## ACTION ITEM
Every line from the one containing "black, Suede ..." through the end of the listing below goes in the output, exactly and without pictures.

## GIVEN DATA
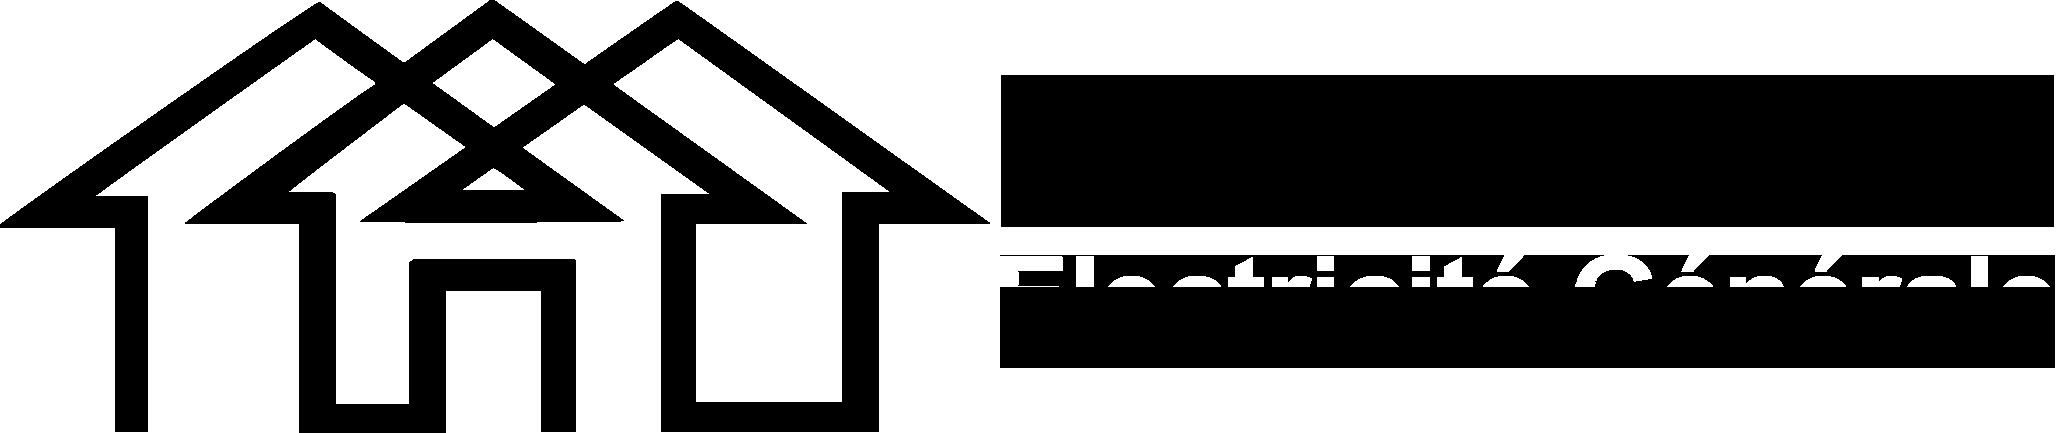 logo-flat
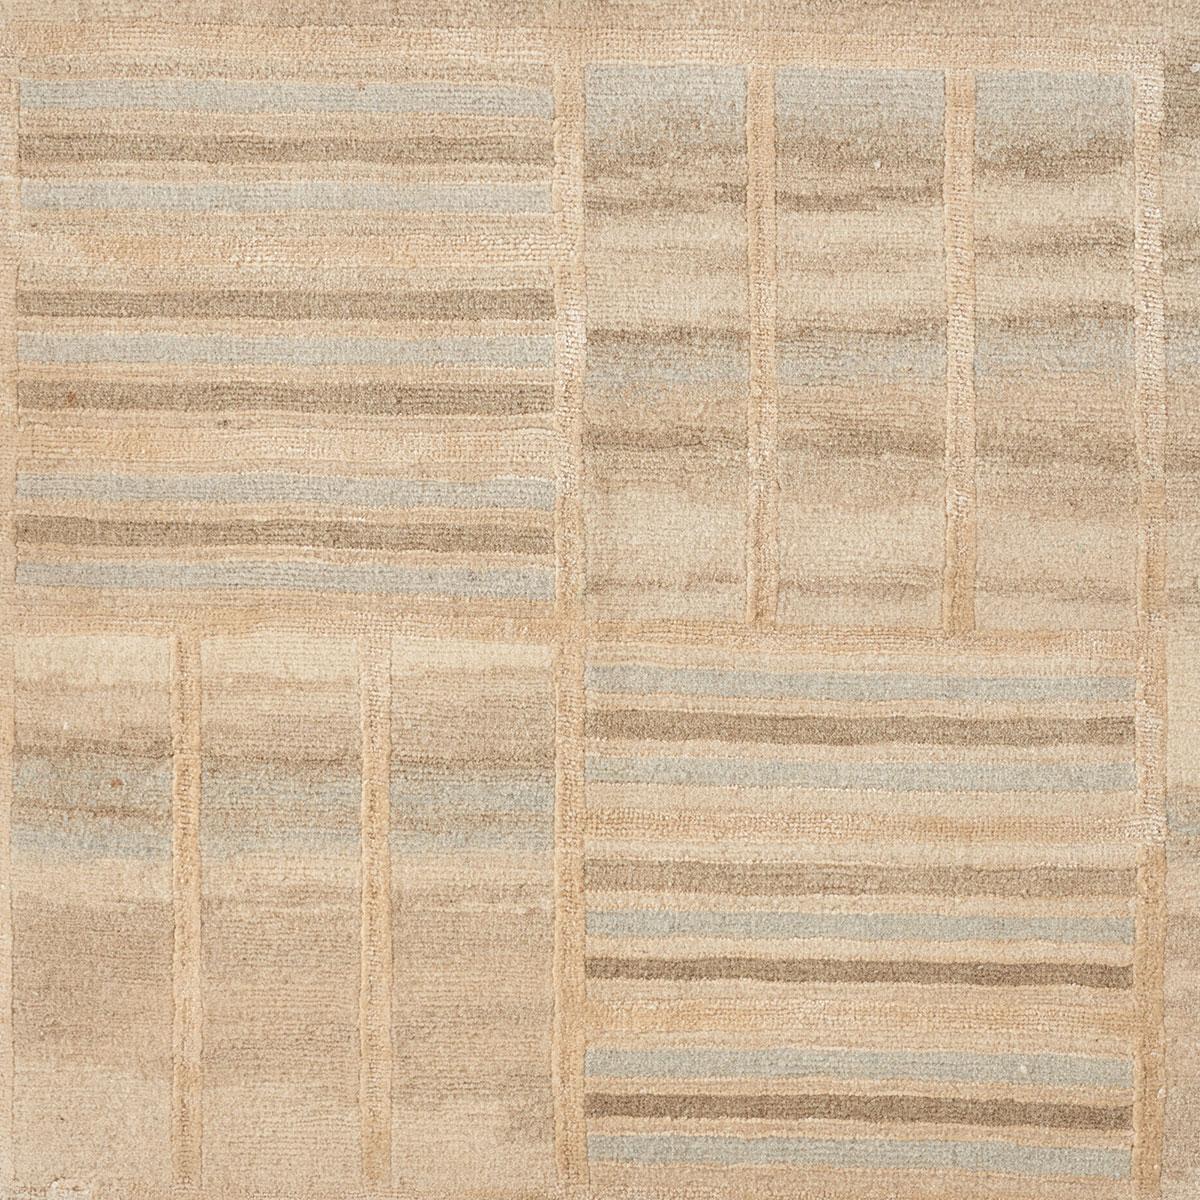 oceania-horizontal-stripe_wool-silk_hand-knotted_patterson-flynn-martin_pfm
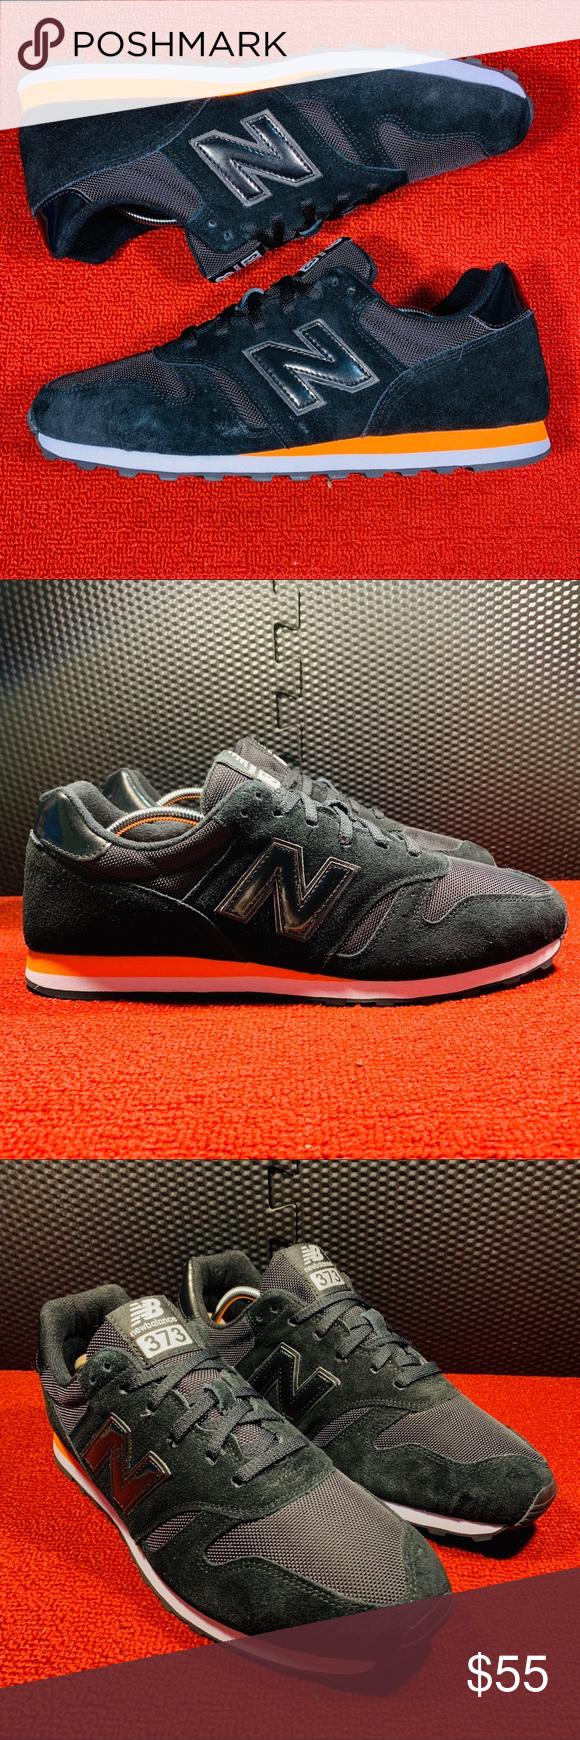 ❌SOLD❌Suede New Balance 373 Black & Orange | Orange black, Suede ...
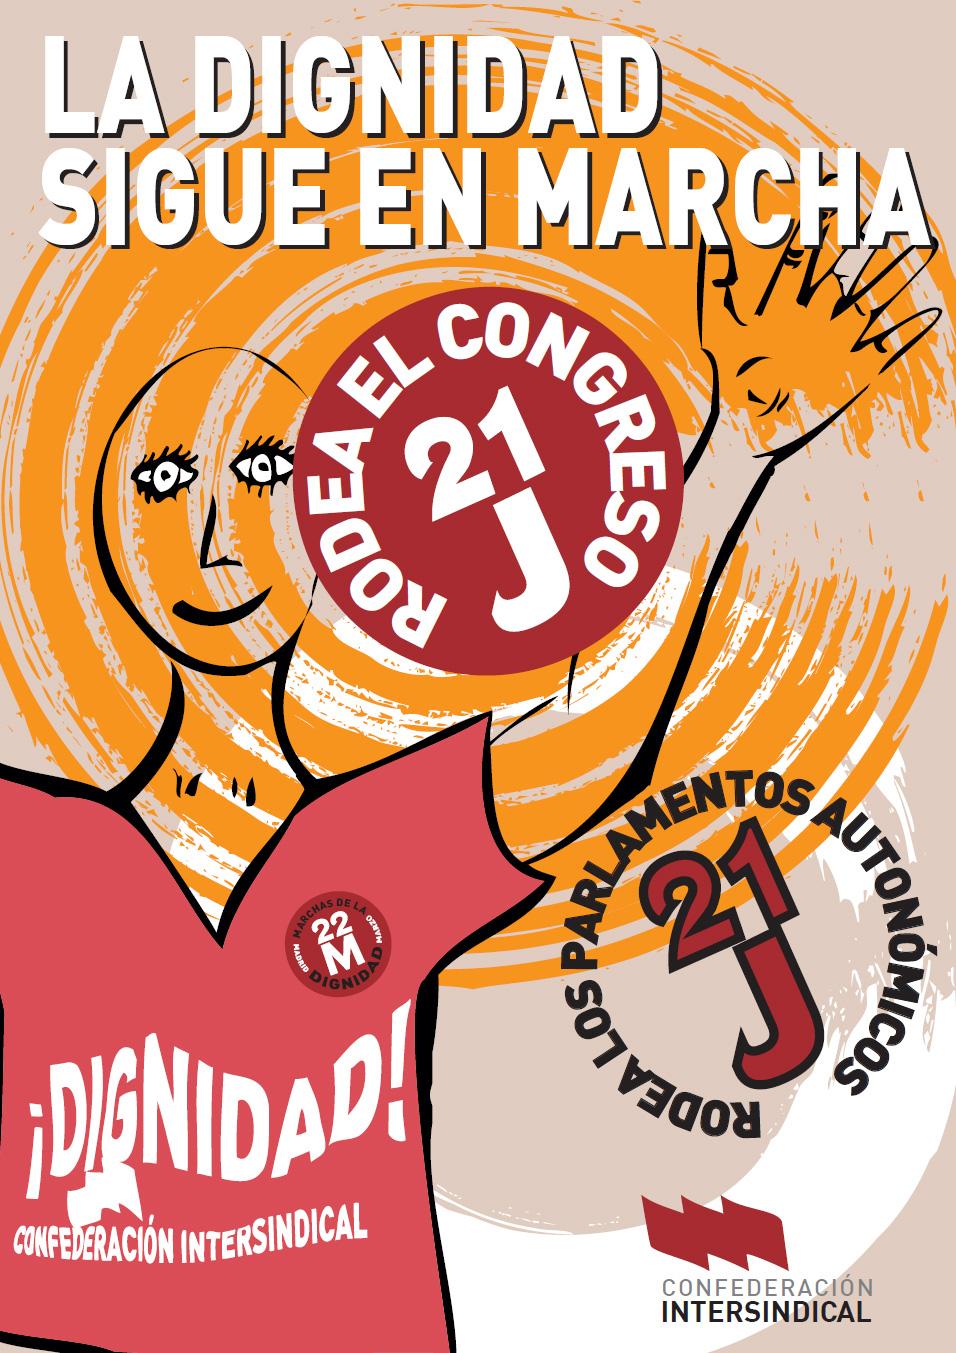 22M-MarchaDignidad_21Junio

## SOLUTION FOR THIS PROBLEM
 ❌SOLD❌Suede New Balance 373 Black & Orange | Orange black, Suede ...
 22M-MarchaDignidad_21Junio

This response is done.